BEGIN

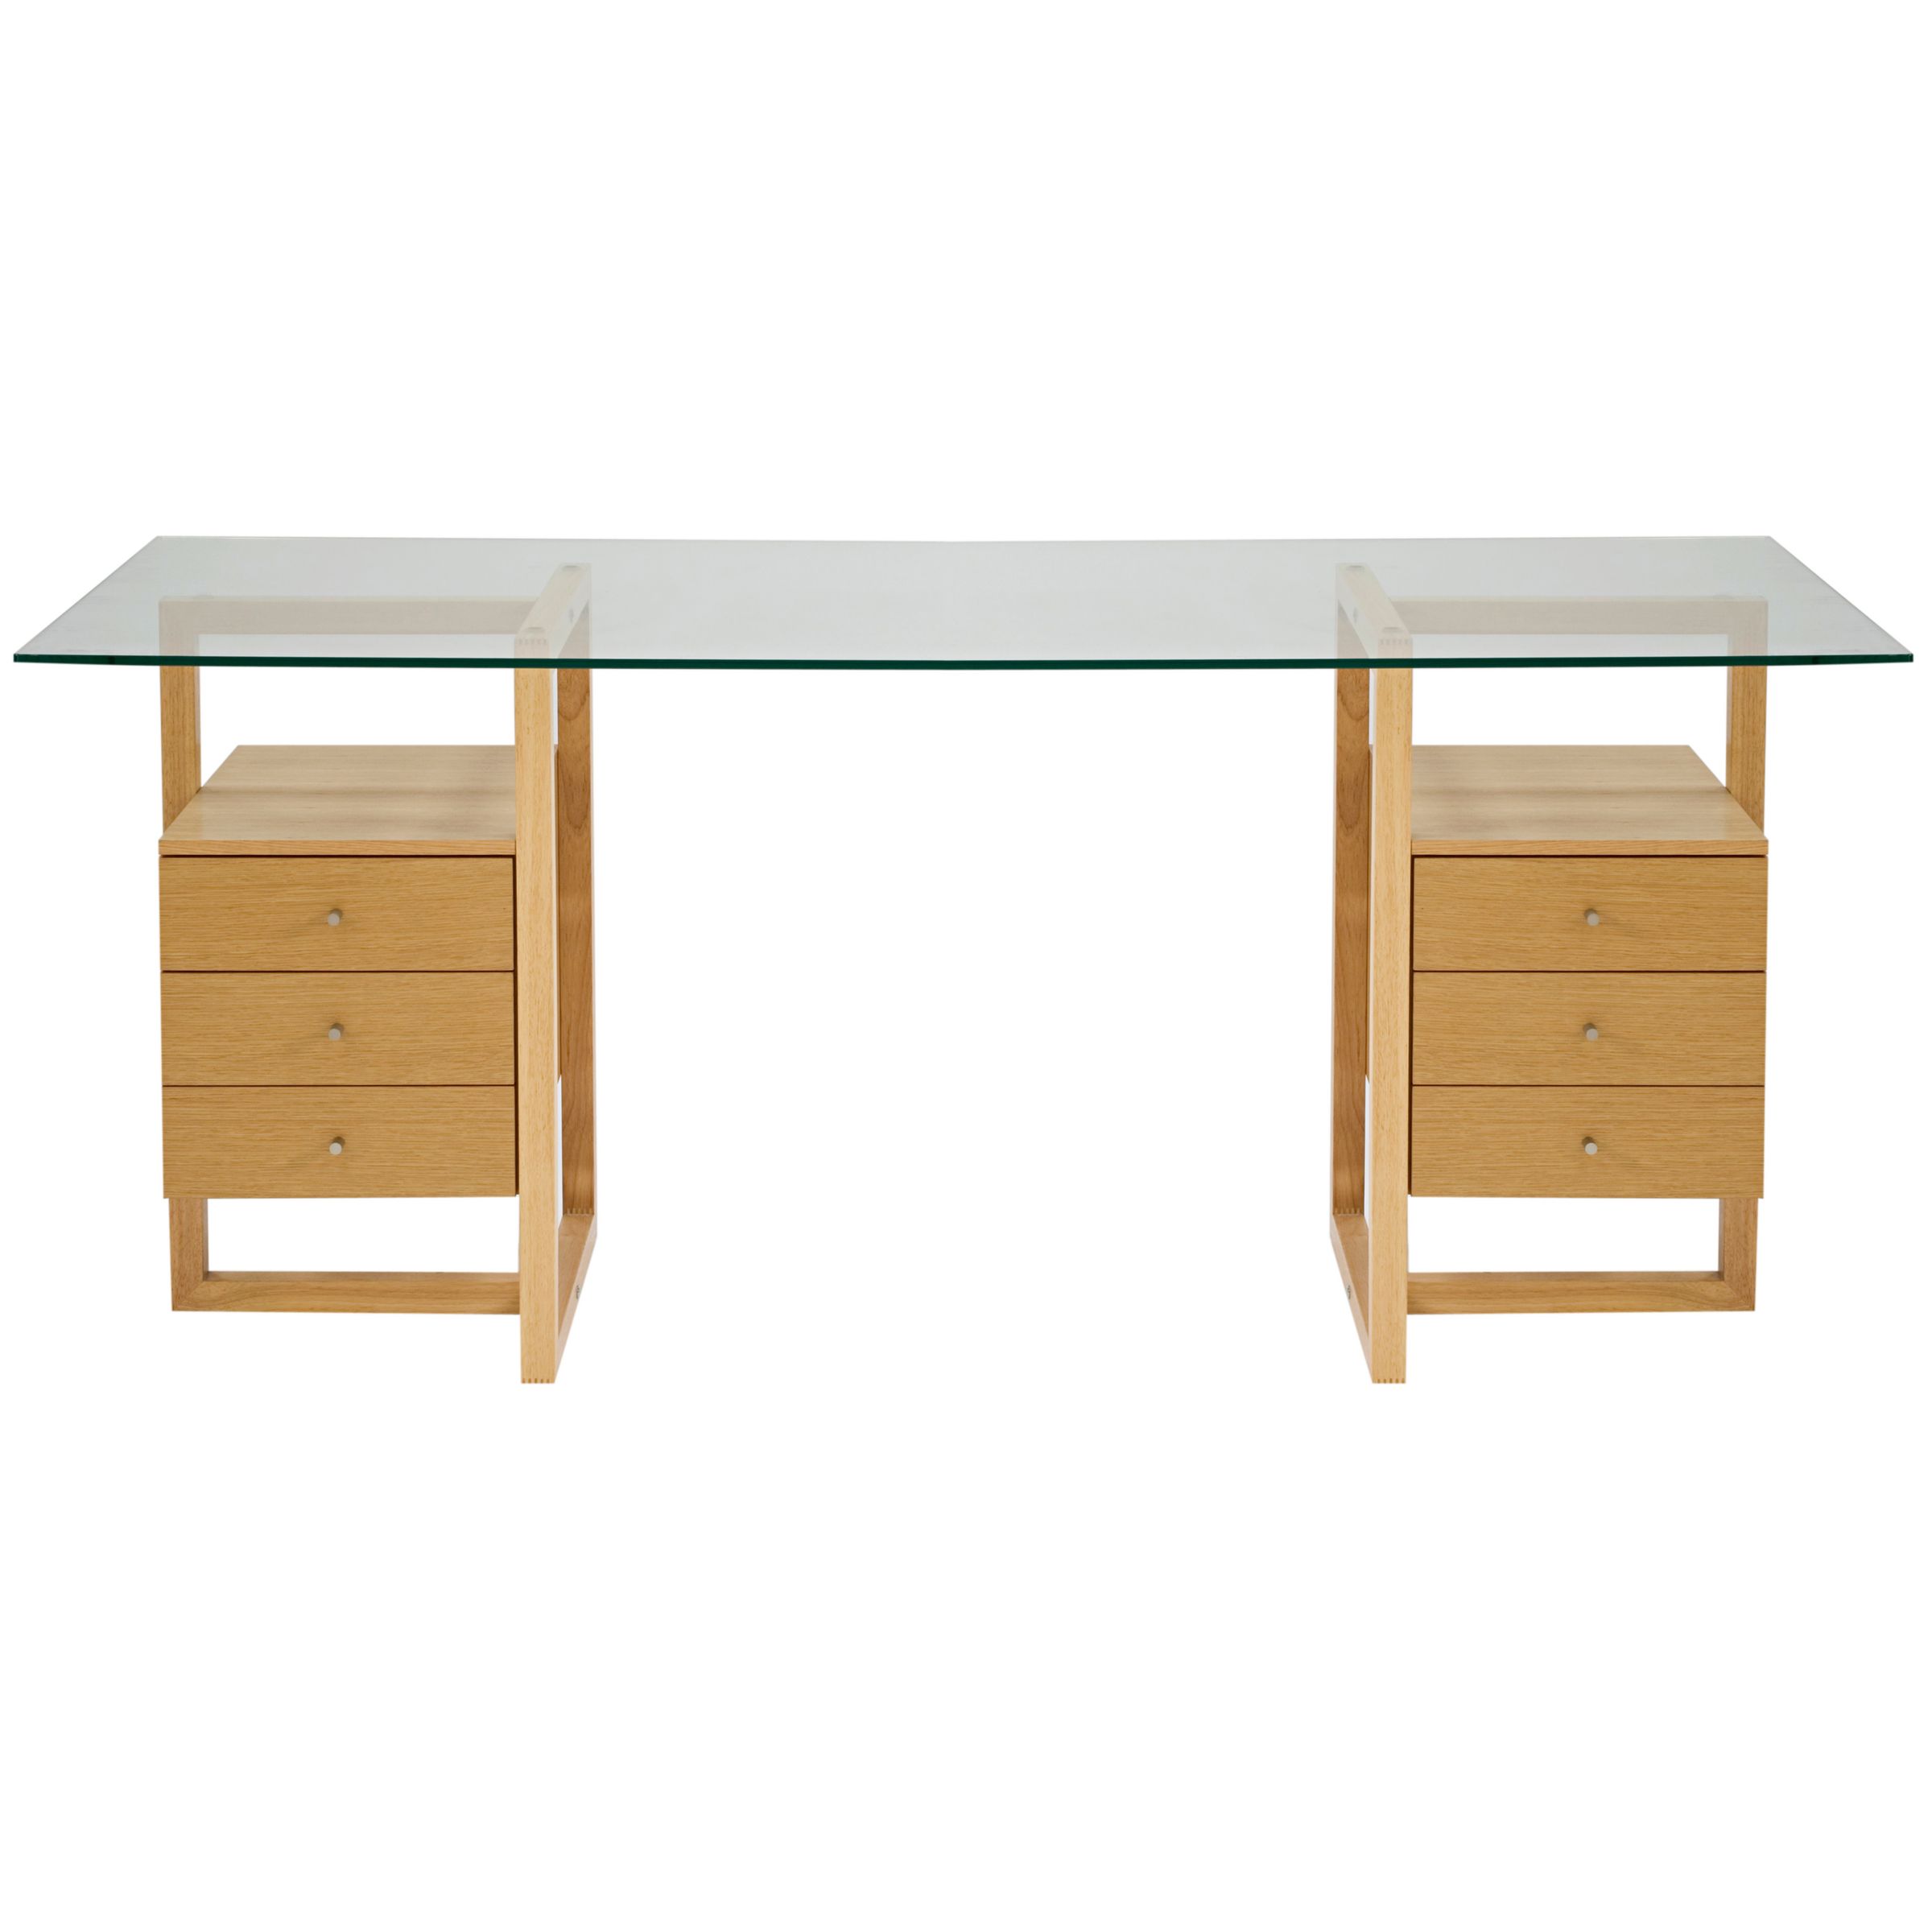 Staten Large Glass Desk with Oak Trestles and 2 Drawer Packs
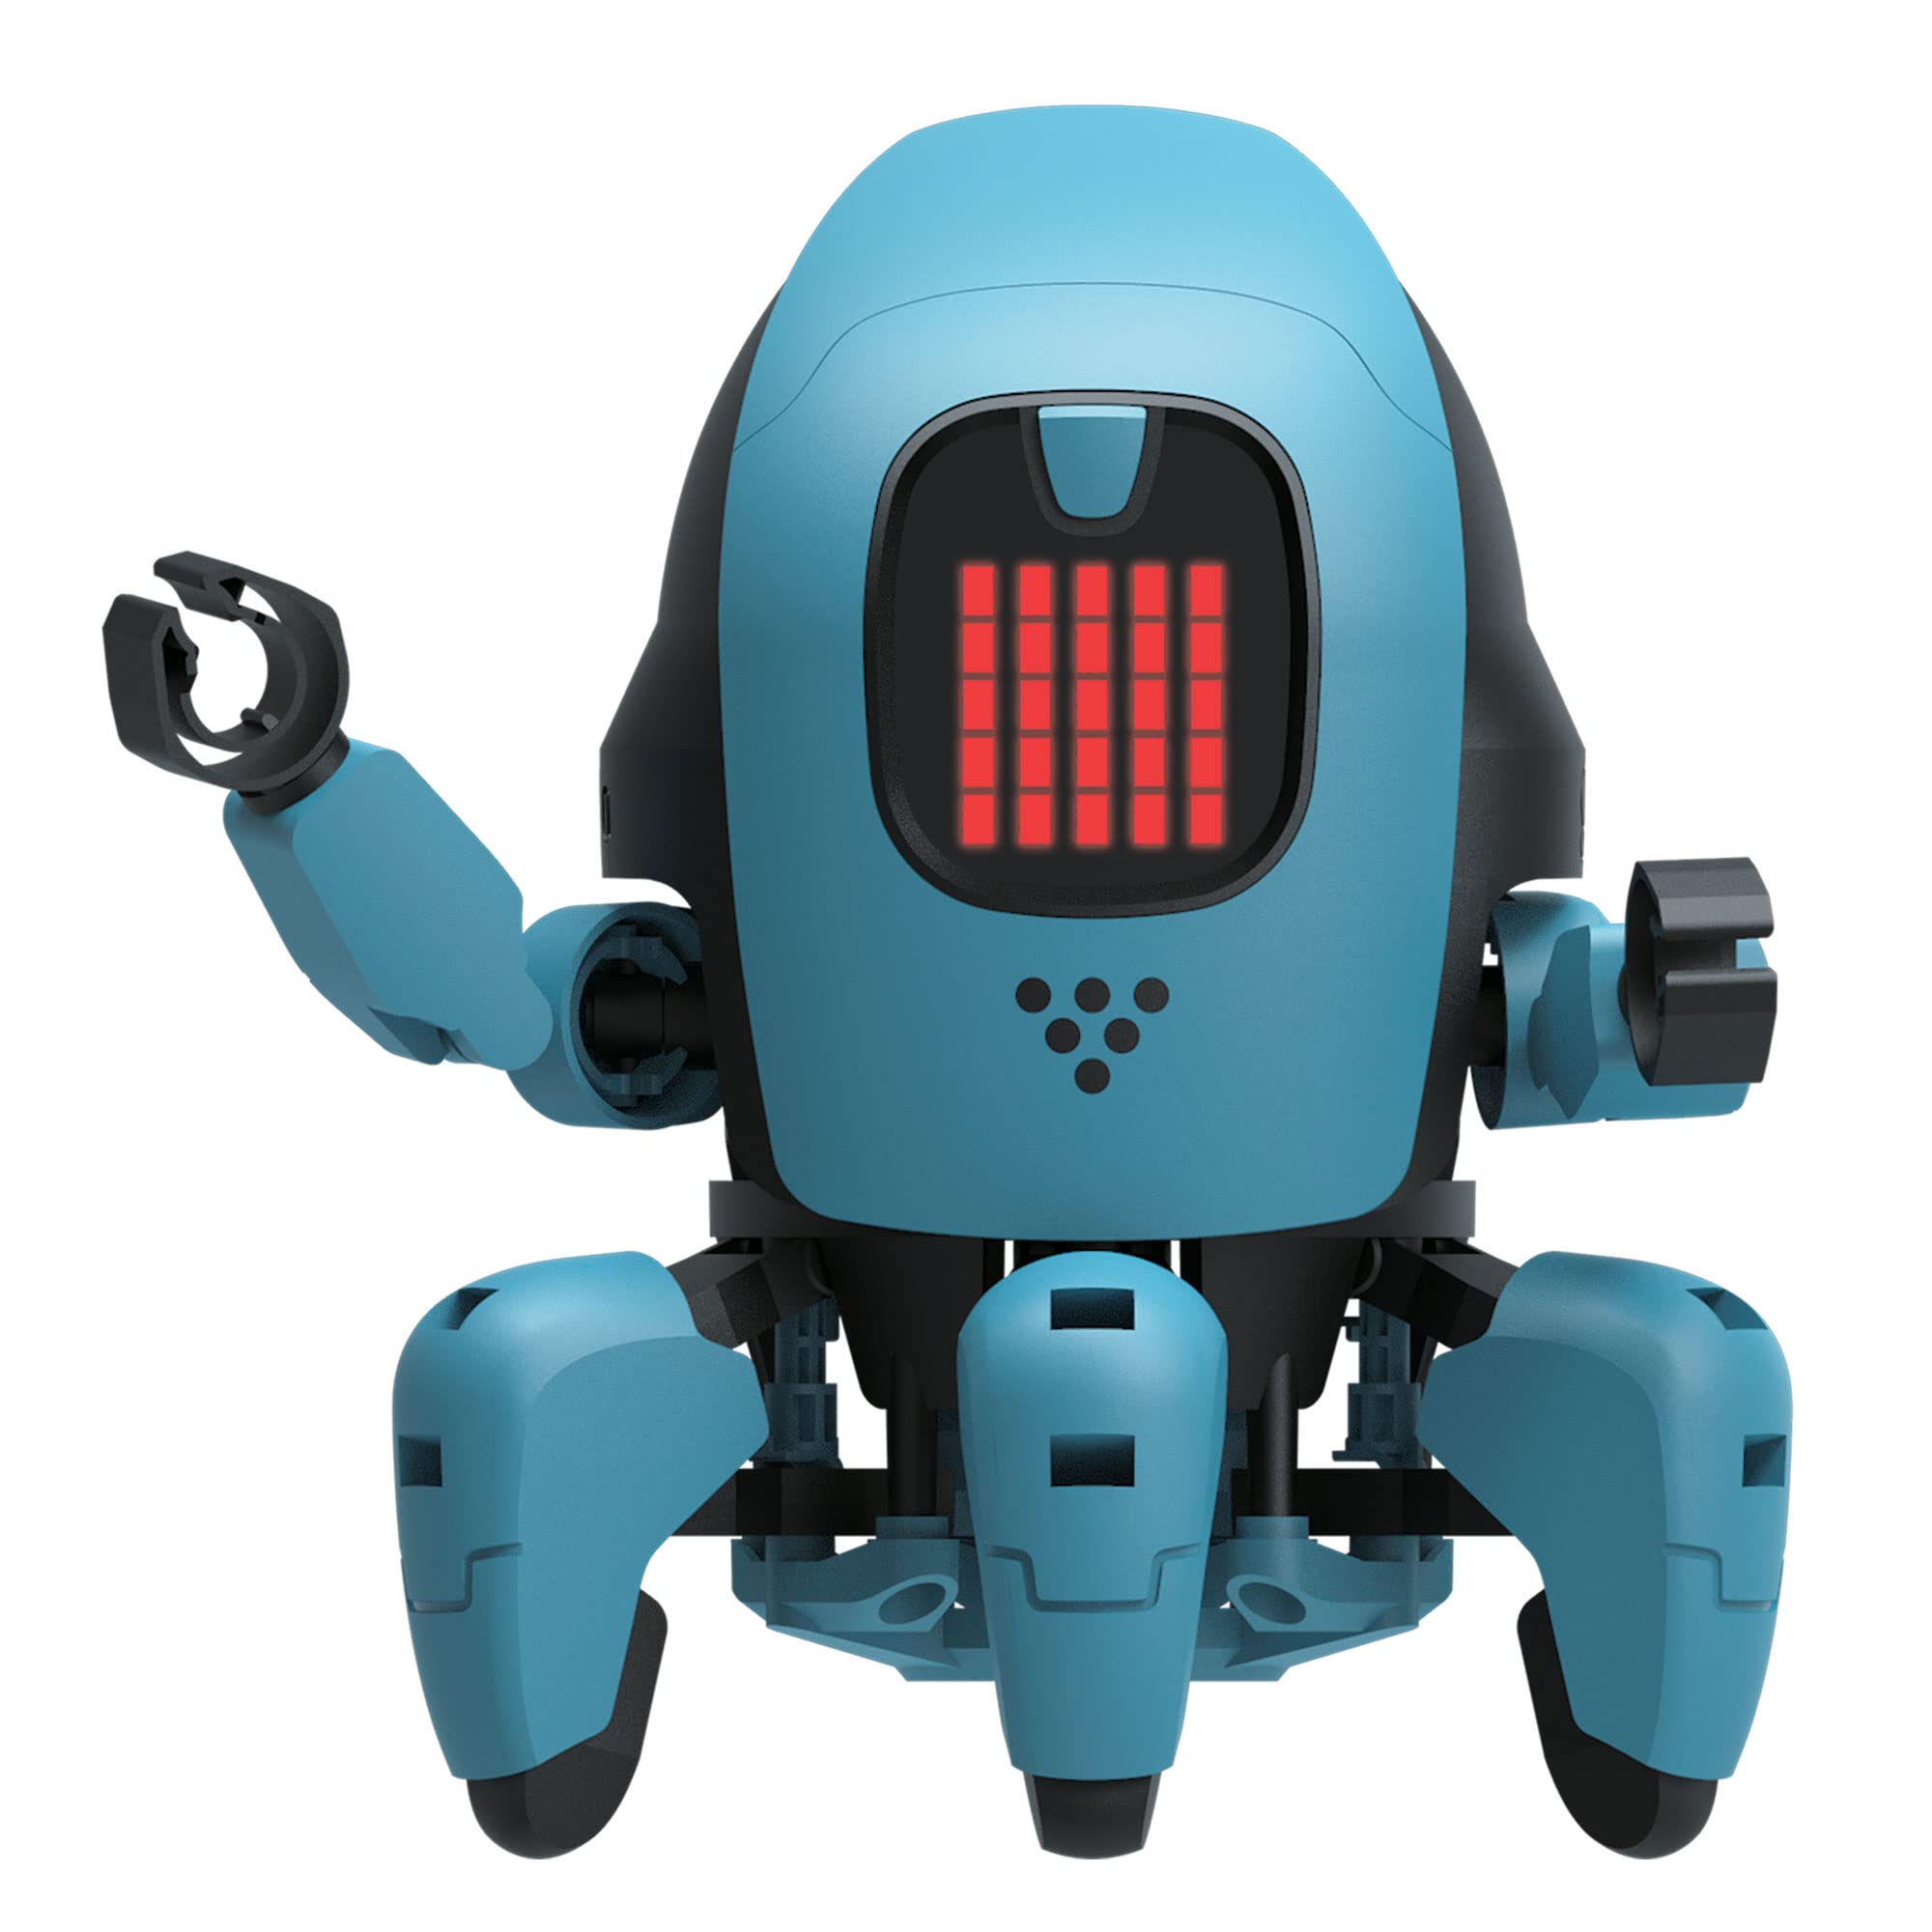 Thames & Kosmos Kai: The Artificial Intelligence Robot | Explore Machine Learning | Build an Innovative Smart Robot & Experiment with AI | App-Enabled for iOS & Android | Intro to AI for Kids
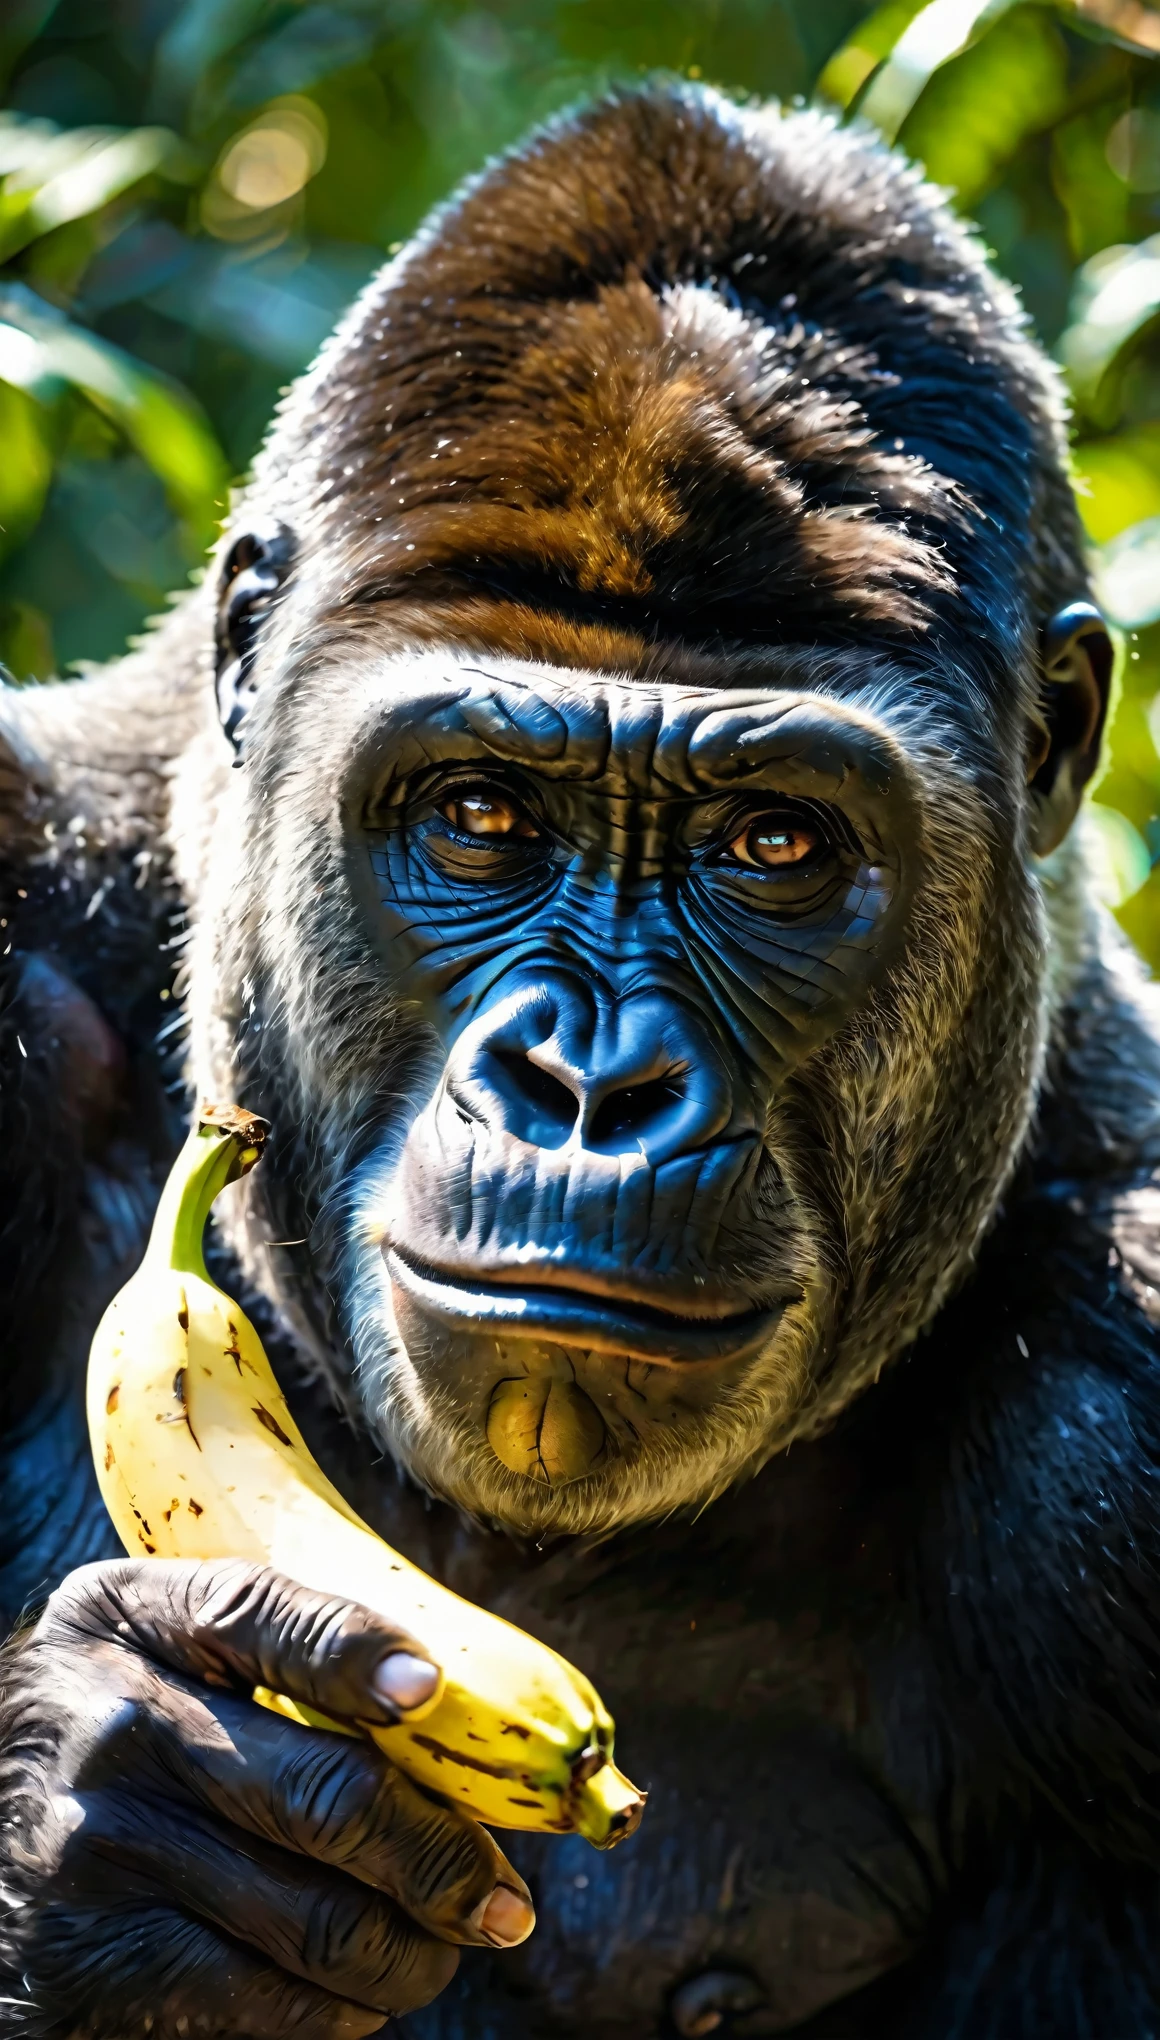 (best quality,highres,ultra-detailed),medium close-up of an African gorilla's,[bored](bored:0.9) expression, [holding](holding:1.1) a banana in one hand, [watching](watching:1.1) an animal photographer with curiosity, [realistic](realistic:1.37) facial features and texture, [intense](intense:1.1) gaze from the gorilla's eyes, [sunlight](sunlight:1.1) casting [dramatic](dramatic:1.1) shadows, [vivid](vivid:1.1) colors highlighting the gorilla's fur, [bokeh](bokeh:1.1) background adding depth to the image, [natural](natural:1.1) lighting capturing the raw beauty of the moment, [details](details:1.1) of the gorilla's facial expressions and [muscular](muscular:1.1) physique.

END

**EXERCISE AIM:** Exactly the lines from the one containing "Thames & Kosmos" through the last line of the material above, both included and free of pictures, should make up your answer, please.

**THE COMPLETED TASK:**
 Thames & Kosmos Kai: The Artificial Intelligence Robot | Explore Machine Learning | Build an Innovative Smart Robot & Experiment with AI | App-Enabled for iOS & Android | Intro to AI for Kids
 (best quality,highres,ultra-detailed),medium close-up of an African gorilla's,[bored](bored:0.9) expression, [holding](holding:1.1) a banana in one hand, [watching](watching:1.1) an animal photographer with curiosity, [realistic](realistic:1.37) facial features and texture, [intense](intense:1.1) gaze from the gorilla's eyes, [sunlight](sunlight:1.1) casting [dramatic](dramatic:1.1) shadows, [vivid](vivid:1.1) colors highlighting the gorilla's fur, [bokeh](bokeh:1.1) background adding depth to the image, [natural](natural:1.1) lighting capturing the raw beauty of the moment, [details](details:1.1) of the gorilla's facial expressions and [muscular](muscular:1.1) physique.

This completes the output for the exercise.